“I wanted so much to forget the past, but it wouldn't go away, it hung around like an open wound that refused to scar over, an open window that no amount of muscle could shut.”
“When things get unbearable, I wrap myself into a tight ball and shut my eyes. Every muscle in my body is tense. I open my eyes and I'm still where I was when I closed them to escape. Nothing's changed.”
“...occasionally I wished I could walk through a picture window and have the sharp, broken shards slash me to ribbons so I would finally look like I felt.”
“If I were another person, I go on, I wouldn’t want to deal with me, I don’t want to deal with me, It’s so hopeless, I want out of this life. I really do. I keep thinking that if I could just get a grip of myself, I could be all right again. I keep thinking I’m driving myself crazy, but I swear, I swear to God, I have no control. It’s so awful, It’s like some demons have taken over my mind. And nobody believes me, Everybody thinks I could be better if I wanted to. But I can’t be the old Lizzy anymore, I can’t be myself anymore, I mean, actually, I am being myself right now and it’s horrible.”
“It's nonverbal: I need love. I need the thing that happens when your brain shuts off and your heart turns on. And I know it's around me somewhere, but I just can't feel it.”
“It doesn’t matter how many years go by, how much therapy I embark on, how much I try to achieve that elusive thing known as perspective, which is supposed to put all past wrongs into their rightful and diminished place, that happy place where all the talk is of lessons learned and inner peace. No one will ever understand the potency of my memories, which are so solid and vivid that I don’t need a psychiatrist to tell me they are driving me crazy.

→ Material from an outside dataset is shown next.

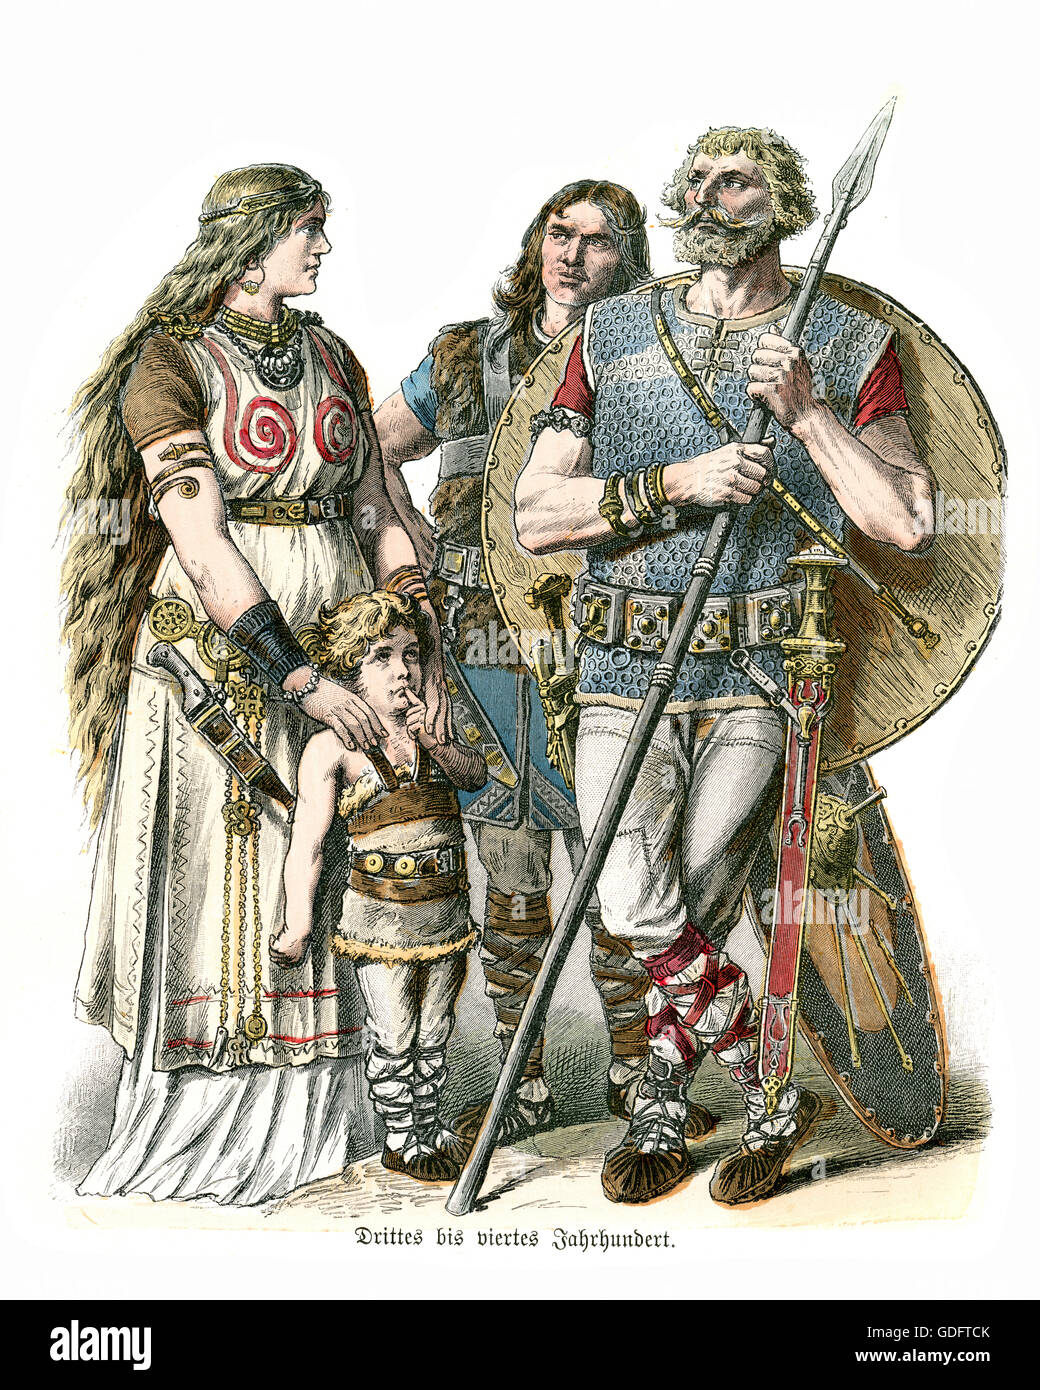 Les costumes des tribus germaniques 1er au 4ème siècle, la mère et l'enfant et de guerrier avec une lance et un bouclier Banque D'Images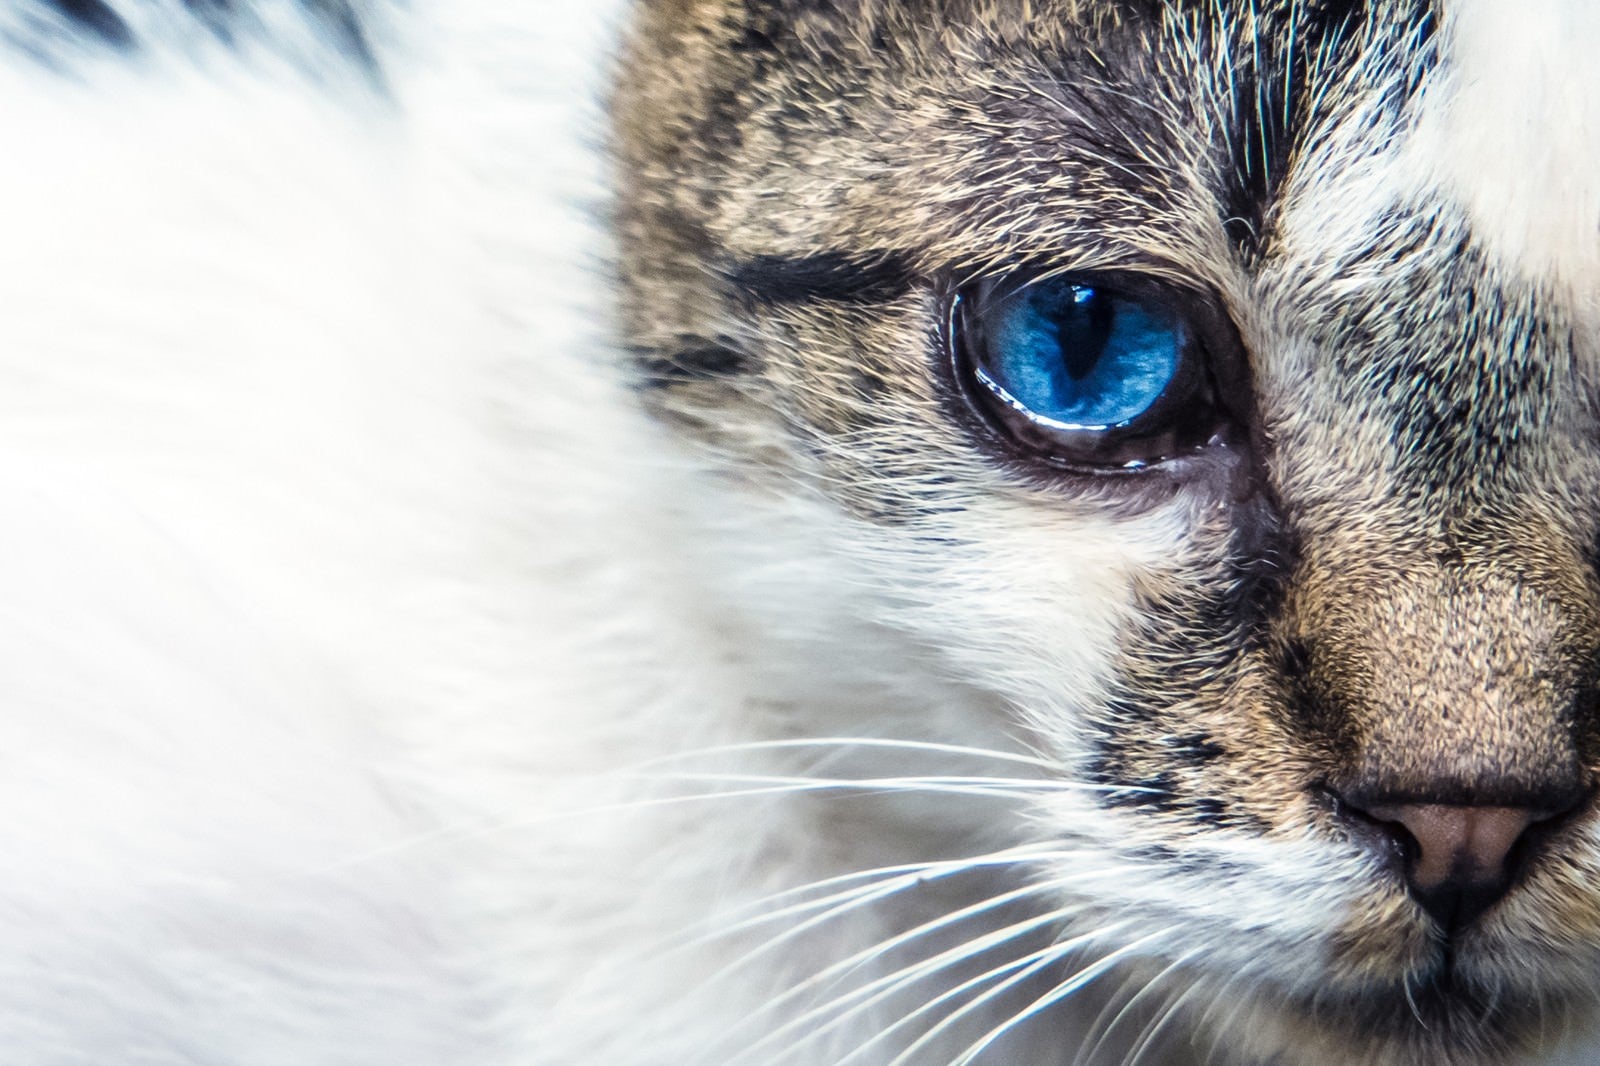 「蒼眼の猫」の写真

My subconscious has not buried them, my superego has not restrained them. They are front and center, they are going on right now.”

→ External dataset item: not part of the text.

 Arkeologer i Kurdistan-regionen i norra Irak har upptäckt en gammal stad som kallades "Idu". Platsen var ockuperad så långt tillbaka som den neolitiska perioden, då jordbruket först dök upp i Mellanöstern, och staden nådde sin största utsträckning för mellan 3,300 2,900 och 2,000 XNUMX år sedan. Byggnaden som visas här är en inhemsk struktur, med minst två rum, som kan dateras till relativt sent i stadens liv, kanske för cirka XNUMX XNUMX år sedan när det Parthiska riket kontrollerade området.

“Nothing in my life ever seemed to fade away or take its rightful place among the pantheon of experiences that constituted my eighteen years. It was all still with me, the storage space in my brain crammed with vivid memories, packed and piled like photographs and old dresses in my grandmother’s bureau. I wasn’t just the madwoman in the attic — I was the attic itself. The past was all over me, all under me, all inside me.”